AMENDMENT NO. 1 TO AMENDED AND RESTATED COMPANY SUPPORT AGREEMENT
Exhibit 99.1
AMENDMENT NO. 1 TO
AMENDED AND RESTATED COMPANY SUPPORT AGREEMENT
This Amendment No. 1 to that certain Amended and Restated Company Support Agreement (the “Agreement”) dated as of April 21, 2005, by and between Solexa, Inc., a Delaware corporation (the “Company”), and the undersigned stockholder (the “Holder”) of the Company is made effective as of May [___], 2005 (“Amendment No. 1”). Capitalized terms not otherwise defined in this Amendment No. 1 shall have the meaning ascribed to them in the Agreement.
Whereas, the Company and the Holder have agreed to enter into this Amendment No. 1.

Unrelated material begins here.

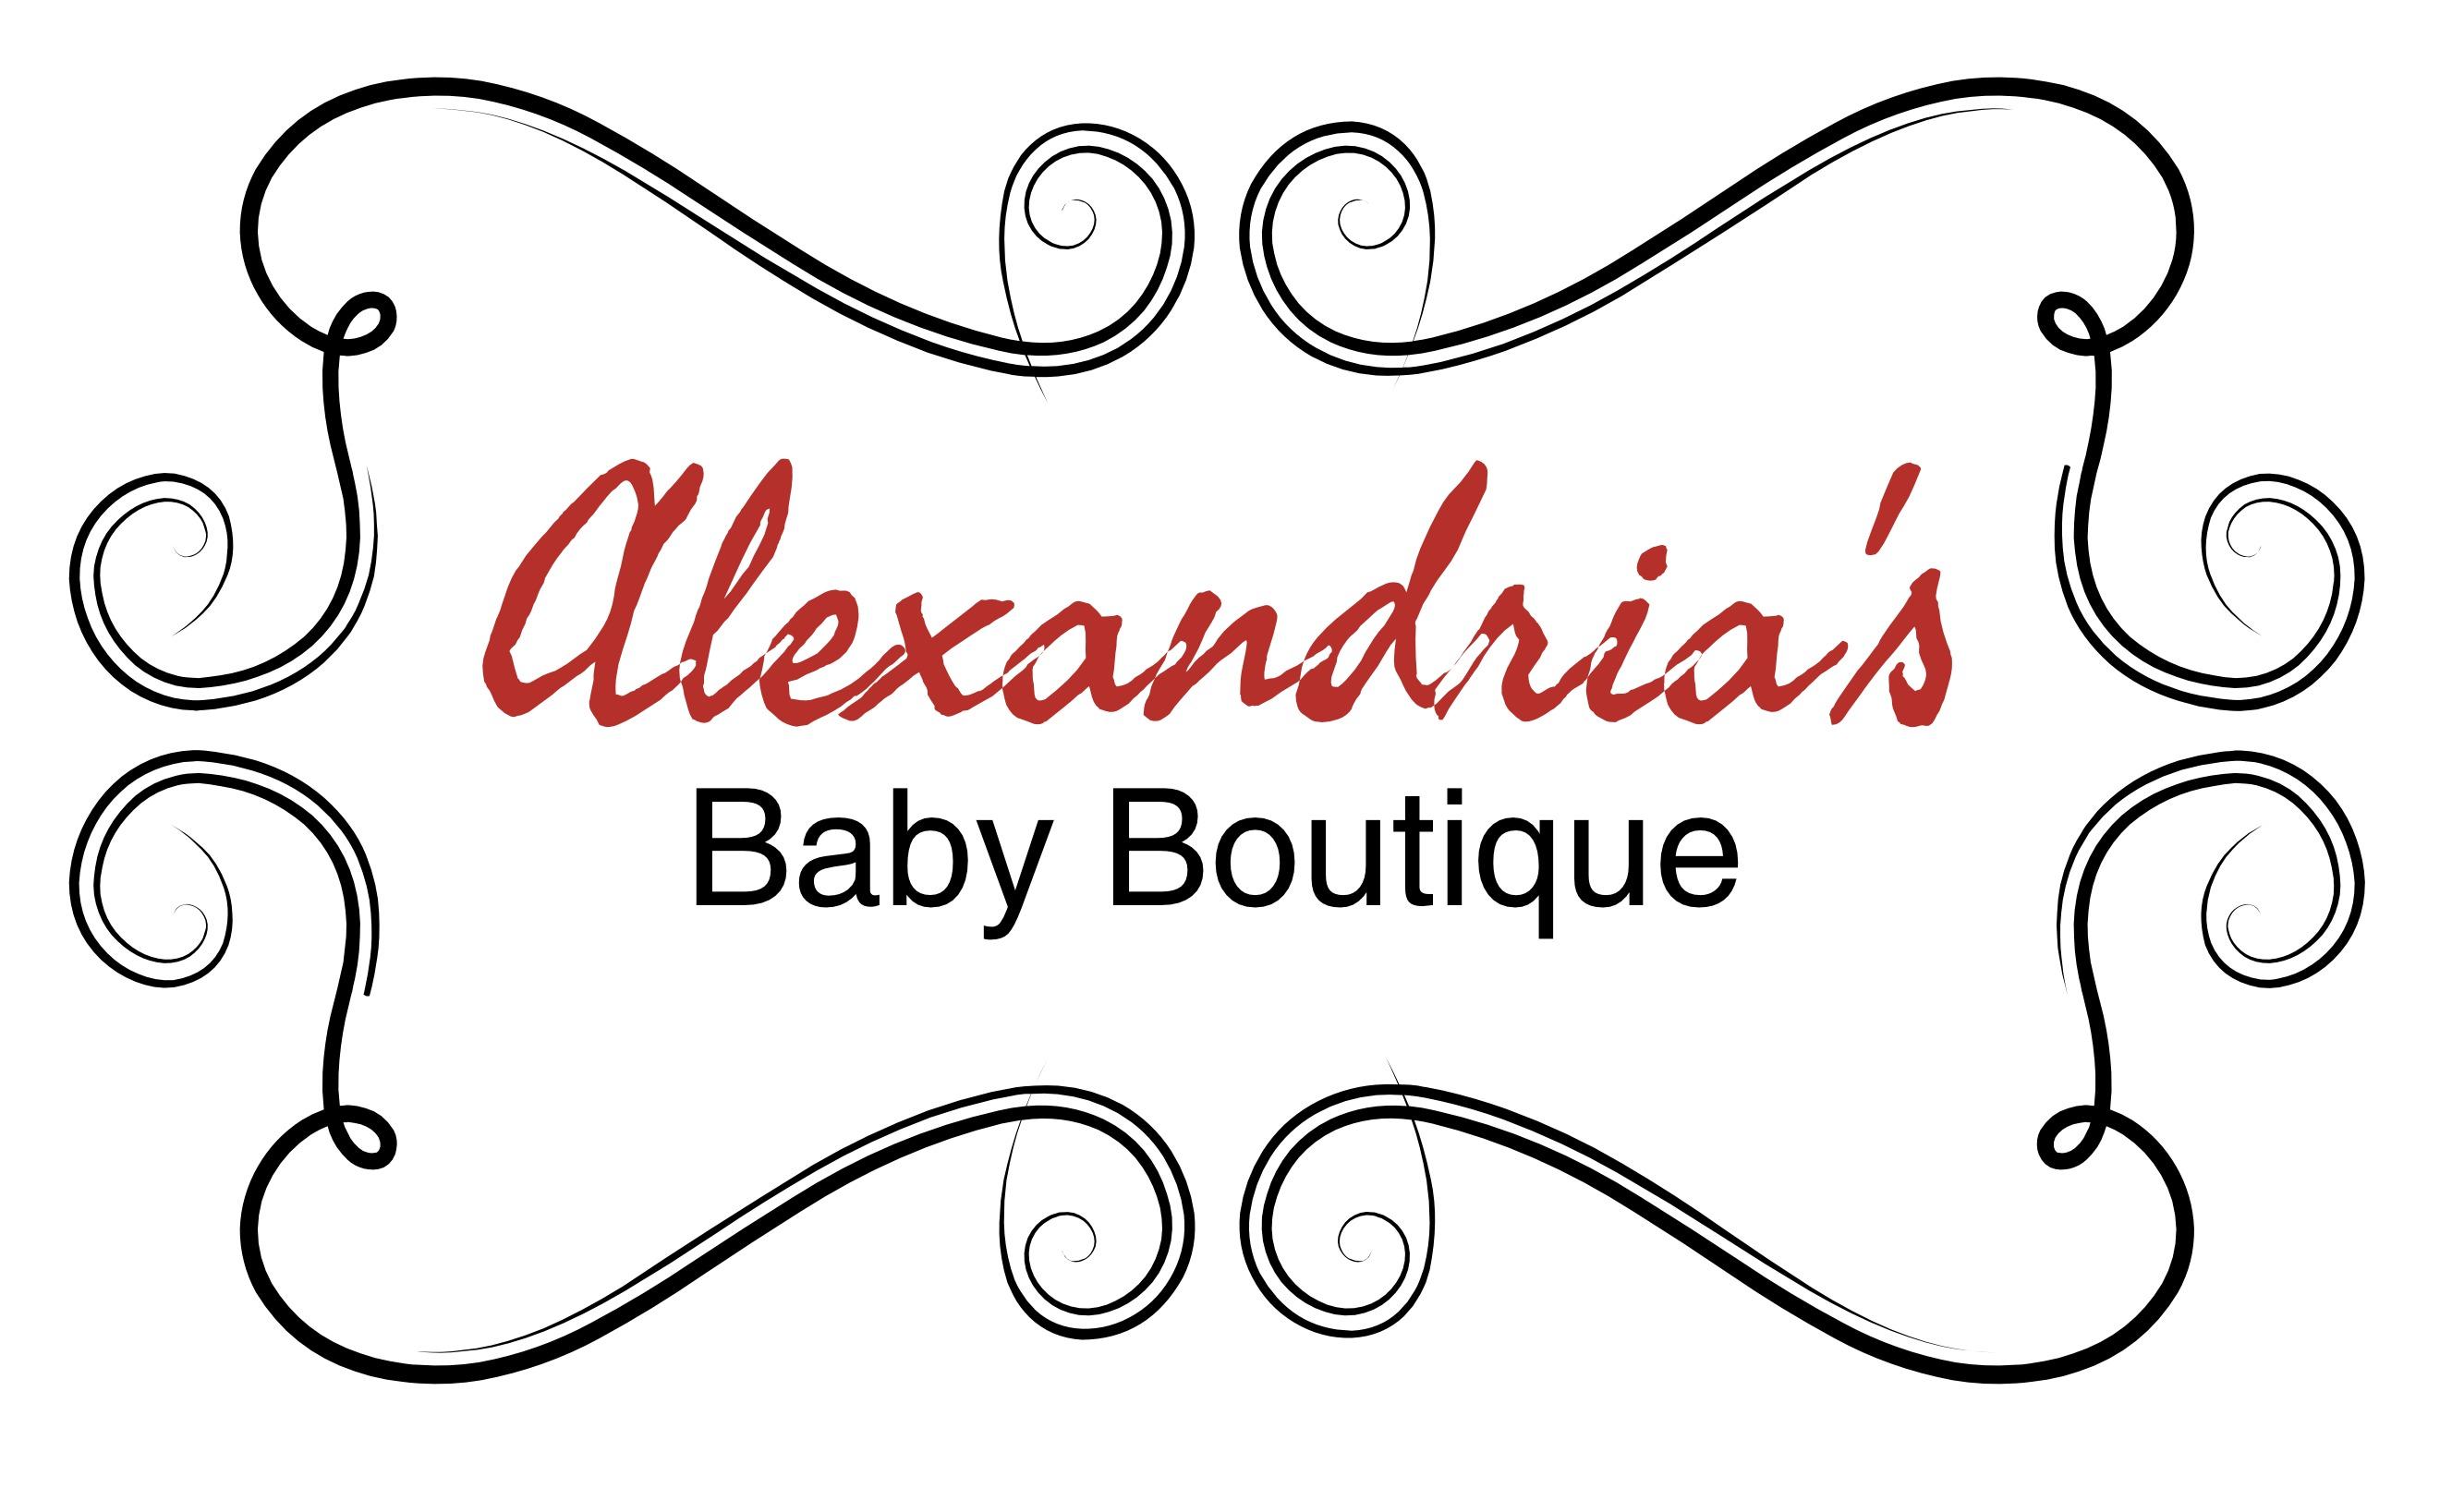 Alexandria's Baby Boutique LTD's logo

1. | Amendment to Terms. Section 6(b) of the Agreement is hereby amended and restated to read in its entirety as follows: |
“(b) Required Registration. The Company shall use its commercially reasonable efforts to (i) file a registration statement on Form S-3 or a post-effective amendment to the Registration Statement on Form S-3, at the Company’s discretion, registering the resale of the Registrable Shares no later than July 14, 2005 (the “Amendment”), so long as the holders of such Registrable Shares shall provide the information necessary for inclusion therein in a timely manner to enable the Company to file the Amendment within such period, (ii) to cause such Amendment to be declared effective by the SEC as soon thereafter as possible and in any event no later than September 22, 2005, (iii) to file such amendments or supplements as may be necessary so that the prospectus contained in the Amendment will not include an untrue statement of a material fact or omit to state a material fact required to be stated therein or necessary to make the statements therein not misleading in light of the circumstances then existing, and (iv) to effect all such registrations, qualifications and compliances (including, without limitation, obtaining appropriate qualifications under applicable state securities or “blue sky” laws and compliance with any other applicable governmental requirements or regulations) as Holder may reasonably request and that would permit or facilitate the sale of all Holder’s Registrable Shares (provided, however, that the Company shall not be required in connection therewith to qualify to do business or to file a general consent to service of process in any such state or jurisdiction), and in each case the Company will use its commercially reasonable efforts to cause such Amendment and all other such registrations, qualifications and compliances to be declared effective as promptly as practicable thereafter. As soon as reasonably practicable after the date hereof, the Company will provide to each holder of Registrable Securities a questionnaire setting forth the information that the Company will require from each such holder to include such holder’s Registrable Shares in the Registration Statement. If Holder shall fail to furnish such information to the Company within twenty (20) days following the date on which such questionnaire shall be delivered to the Holders, the Company may exclude Holder from the Registration Statement.”
2. | Miscellaneous. |
(b) Governing Law. This Amendment No. 1 and all acts and transactions pursuant hereto and the rights and obligations of the parties hereto shall be governed, construed and interpreted in accordance with the laws of the State of Delaware, without giving effect to principles of conflicts of law.
[signature page follows]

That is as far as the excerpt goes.